One, two, and three are all integers, and so is negative four. If you keep counting up, or keep counting down, you’re bound to encounter a whole lot more integers. You will not, however, encounter anything called “positive infinity” or “negative infinity,” so these are not integers.
Positive and negative infinity are not integers, but rather special symbols for talking about the behavior of integers. People sometimes say something like, “5 + infinity = infinity,” because if you start at 5 and keep counting up without ever stopping, you’ll get higher and higher numbers without limit. But it doesn’t follow from this that “infinity - infinity = 5.” You can’t count up from 0 without ever stopping, and then count down without ever stopping, and then find yourself at 5 when you’re done.
From this we can see that infinity is not only not-an-integer, it doesn’t even behave like an integer. If you unwisely try to mix up infinities with integers, you’ll need all sorts of special new inconsistent-seeming behaviors which you don’t need for 1, 2, 3 and other actual integers.

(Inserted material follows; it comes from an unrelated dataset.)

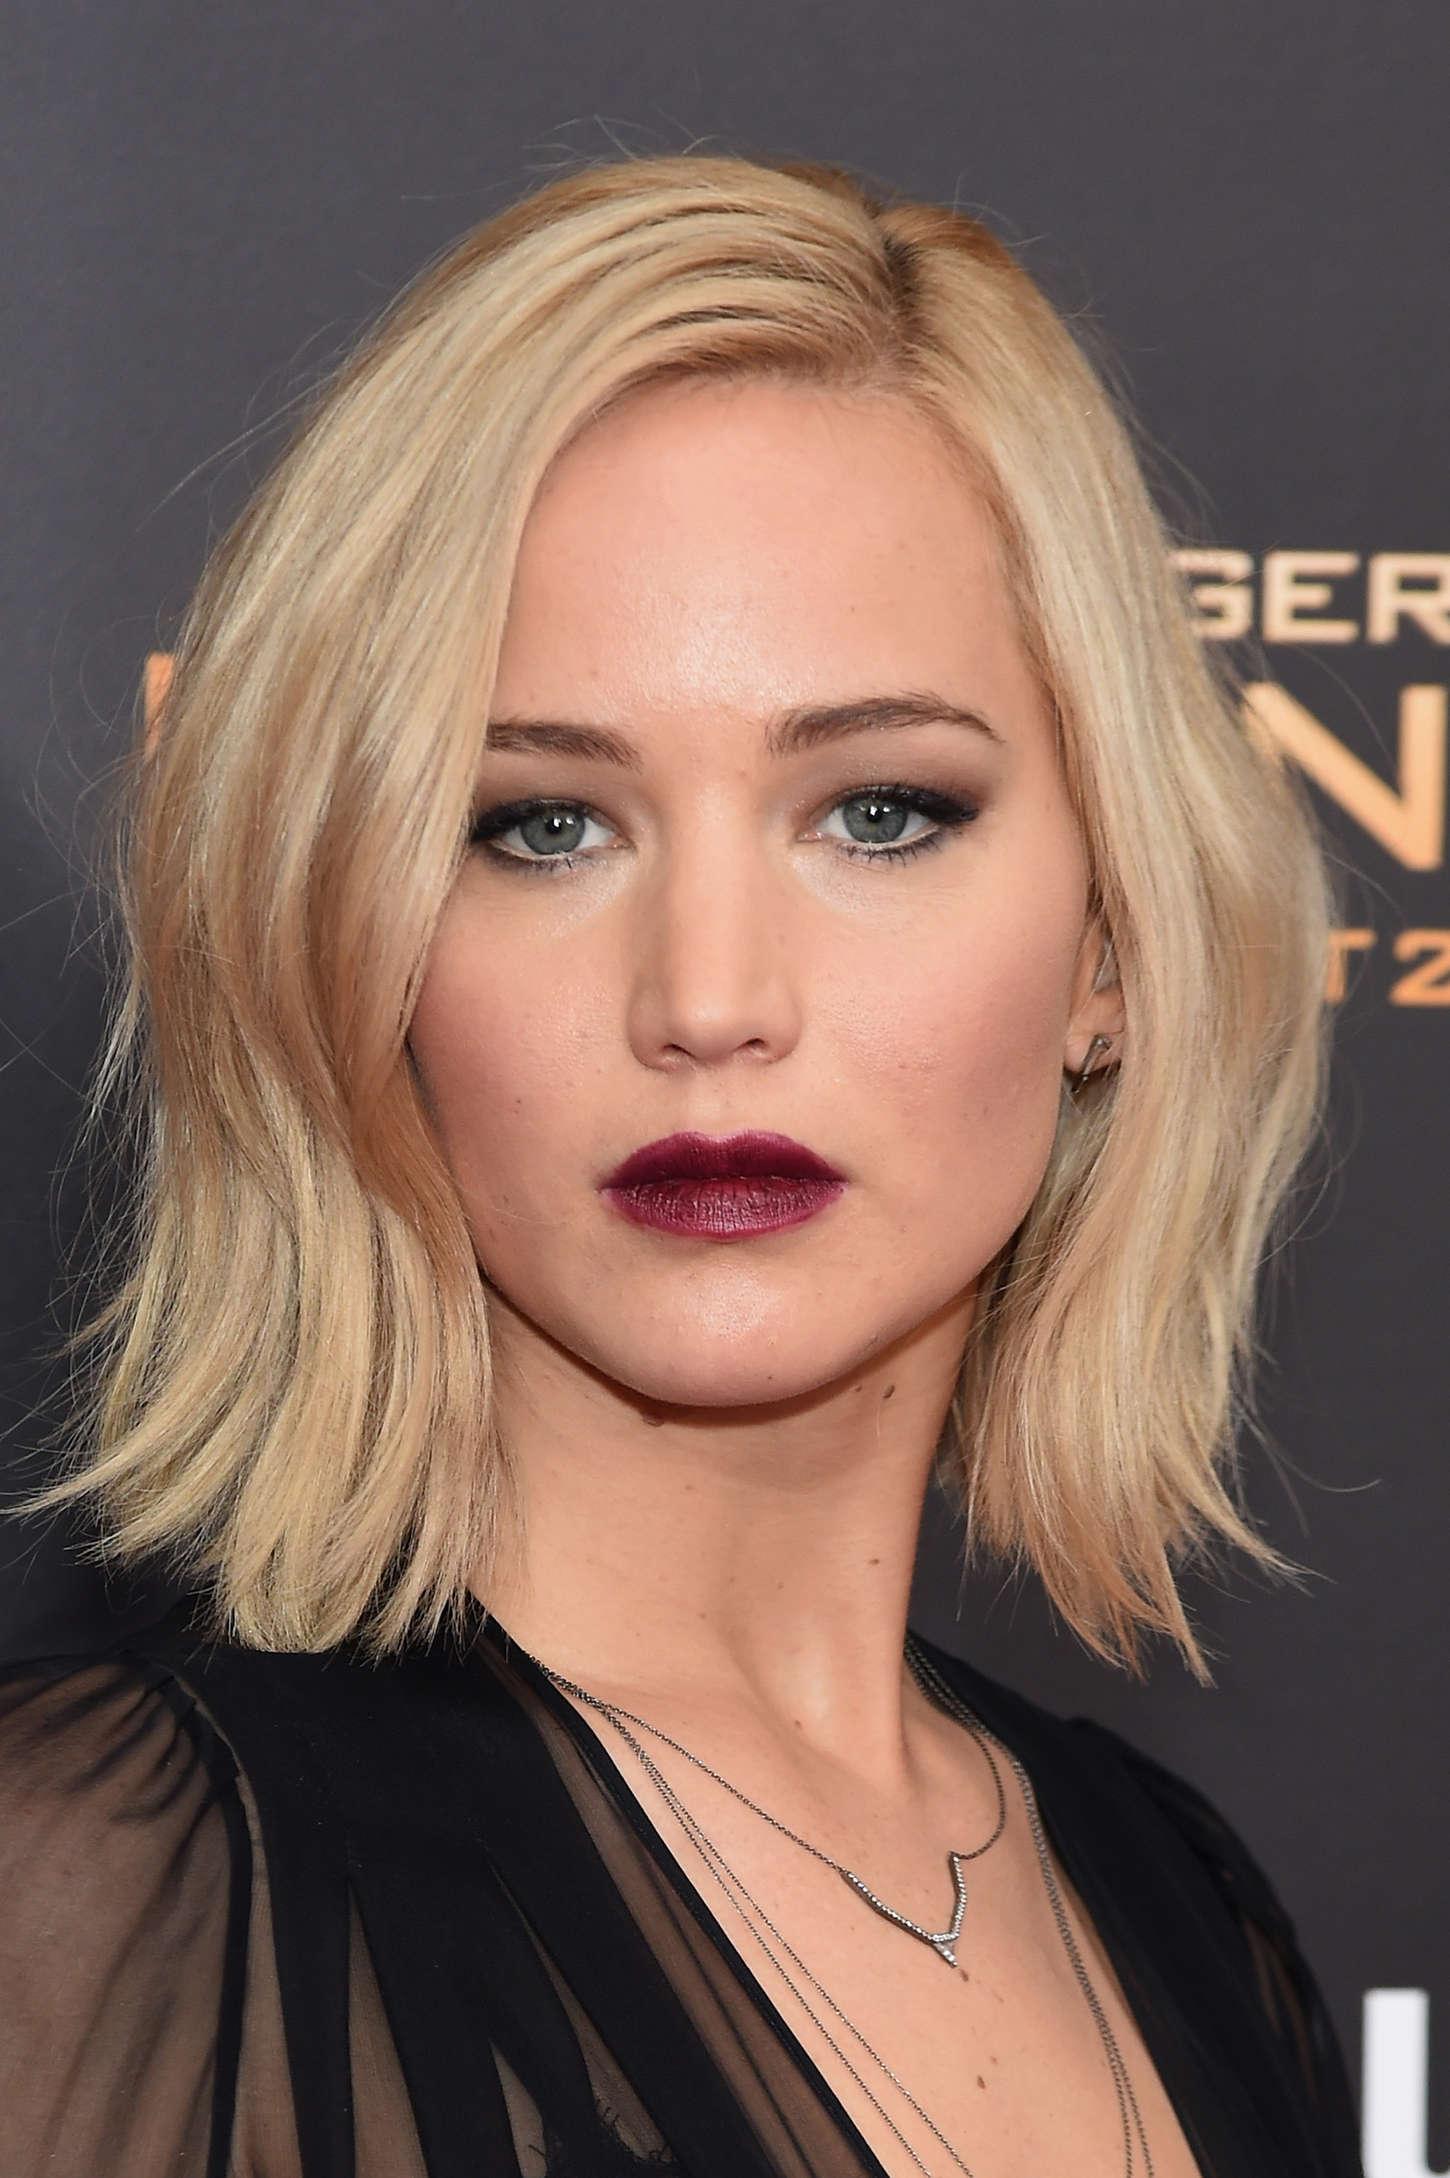 Jennifer-Lawrence--The-Hunger-Games-Mockingjay-Part-2-NY-Premiere--18

Even though infinity isn’t an integer, you don’t have to worry about being left at a loss for numbers. Although people have seen five sheep, millions of grains of sand, and septillions of atoms, no one has ever counted an infinity of anything. The same with continuous quantities—people have measured dust specks a millimeter across, animals a meter across, cities kilometers across, and galaxies thousands of lightyears across, but no one has ever measured anything an infinity across. In the real world, you don’t need a whole lot of infinity.1
In the usual way of writing probabilities, probabilities are between 0 and 1. A coin might have a probability of 0.5 of coming up tails, or the weatherman might assign probability 0.9 to rain tomorrow.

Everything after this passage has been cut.